Мы сидели, как сто лет назад!
– Битых три часа ты рассказываешь мне о своих подвигах…
– Рассказываю.
– Кто же ты?
– Тебе налить еще?
Сперва в моем номере мы пили пиво, а потом и какое-то вино, и коньяк, и до утра рассказывали, рассказывали свои истории. Ясно, что в ту ночь нам было не до сна. Он прилетел в Иерусалим на несколько дней, и у него еще было много дел. Иногда меня раздражали его ответы, а его «Ты не поверишь» просто бесило меня. Конечно же, он, как и я, очень изменился, я имею ввиду не его внешний облик. Он действительно добился многого в жизни, он не был знаменит, но стал достаточно состоятельным. Он не хвастался своими успехами, чего-то недоговаривал, но держался достойно и, возможно, несколько гордо.

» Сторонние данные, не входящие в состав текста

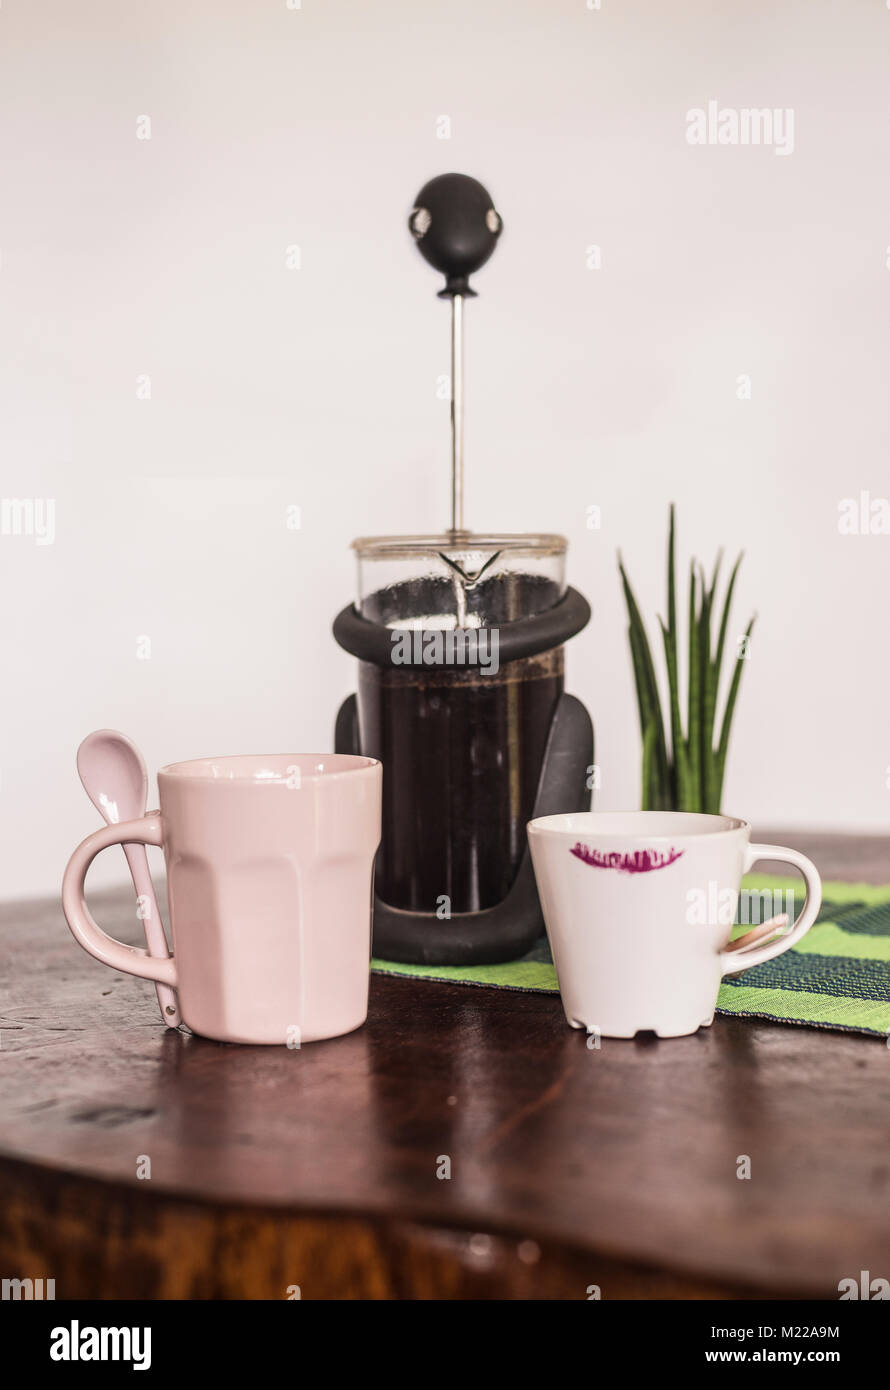 Presse française avec du café noir, et un mug et tasse de café sur une table en bois Banque D'Images
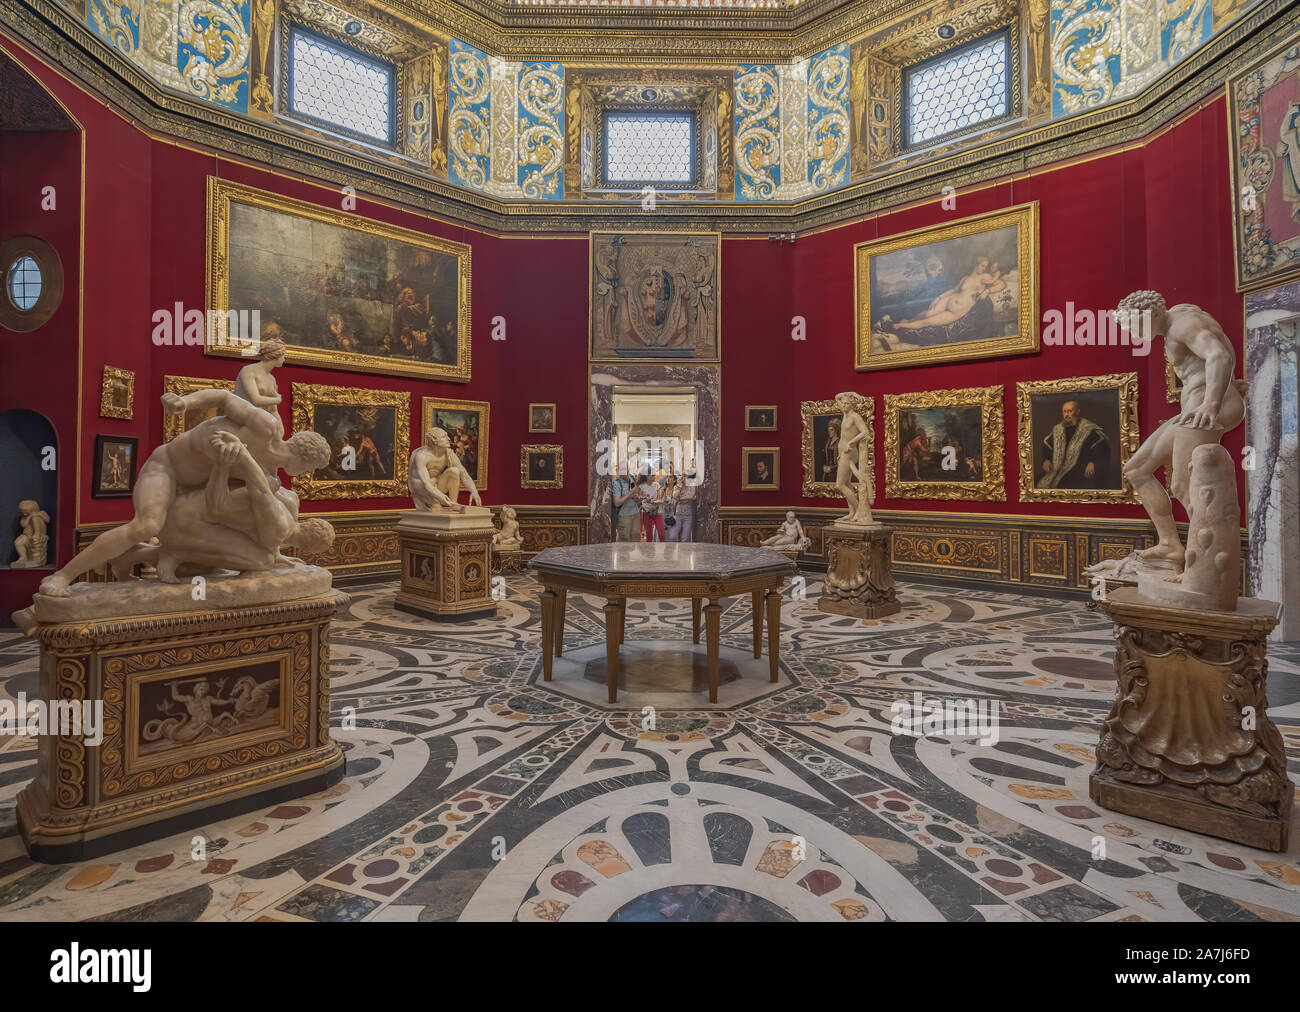 Florenz, Italien - 25 August: Interieur und Künste der Uffizien Art Museum in der Nähe der Piazza della Signoria. Stockfoto

Да, судя по его рассказам, ему было чем гордиться. Он по-прежнему считал себя натурой глубокой и более утонченной, чем весь этот смертный люд, я бы сказал художником, да, свободным и успешным художником. Он рисовал мне такие картины – голова закружится, но он не отвечал на главный мой вопрос:
– Значит, все-таки киллер?
– Реет, ну какой же я киллер? Киллер – это так прозаично, так грубо.
– Не води меня за нос!
Время от времени в нашем разговоре речь заходила и о моих успехах, да, о них он был тоже наслышан, ведь они были общеизвестны, но когда я произносил давно позабытые им слова о межклеточных контактах, плотных и щелевидных соединениях между клетками, о рибосомах и митохондриях, и центриолях, и внутриклеточном веретене, он замирал.
– Не трави душу, – сказал он.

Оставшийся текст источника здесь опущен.